Окружающие одобрительно зашумели. Раздались отдельные смешки, и только в первом ряду кто-то очень юный и черноглазый сдавленно зарыдал.

— Какое отношение имеет закон вашего племени ко мне? — горячился Лафайет. — Я спокойно шел по своим делам, когда ваша шайка головорезов схватила меня…

— Хорошо, я передам этой шайке, — перебил старик, свирепо сверкнув глазами и зловеще оскалив зубы. — Вчера вечером ты выпил несколько бутылок Старой Серной, и на тебя нашла большая дурь.

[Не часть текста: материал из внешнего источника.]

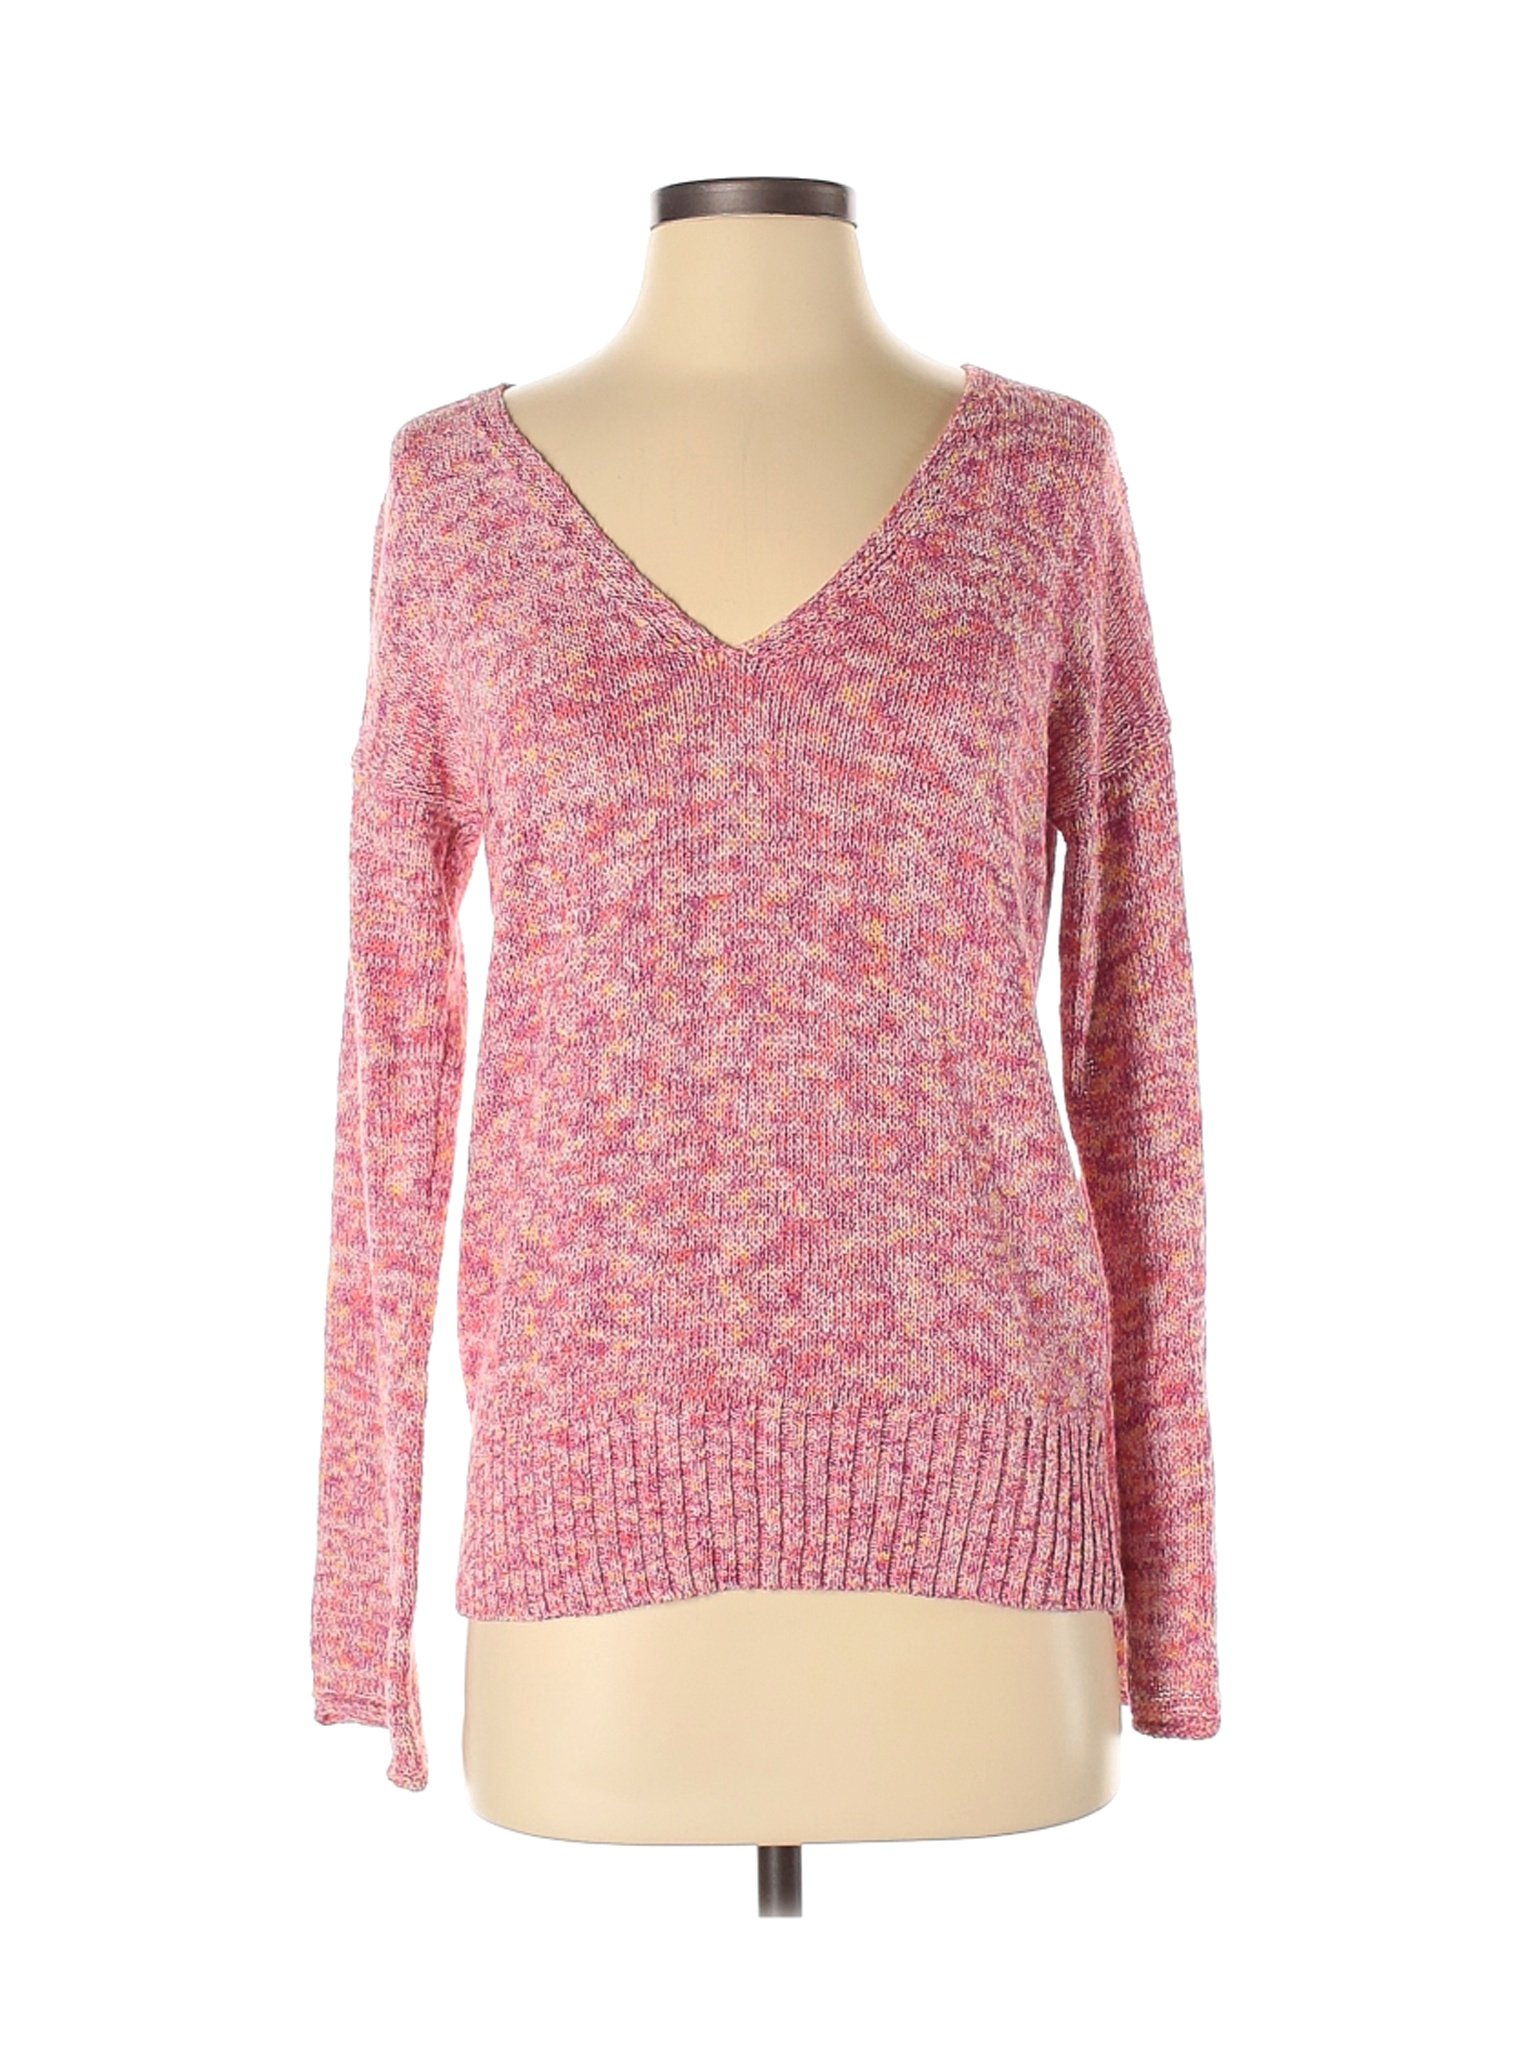 J.Crew Women Pink Pullover Sweater S | eBay

Ты осмелился приставать к племяннице барона! По закону племени это предложение; оно не может остаться без внимания, даже если его делает такой пустоголовый болван как ты! Значит, так, бедный старина: барон Шосто дает тебе шанс! — Смуглый человек ударил себя в грудь.

— Слушайте, вы меня с кем-то спутали, — сказал Лафайет, — меня зовут О'Лири, и…

— Но, само собой, чтобы получить право ухаживать за Гизель, ты сперва должен принести домой трофей. Ради этого ты пробрался в город под покровом тьмы. Я послал Луппо и еще несколько парней присмотреть за тобой. И — первым делом полицаи Роуми хватают тебя. Хорошенькое дело! Ха!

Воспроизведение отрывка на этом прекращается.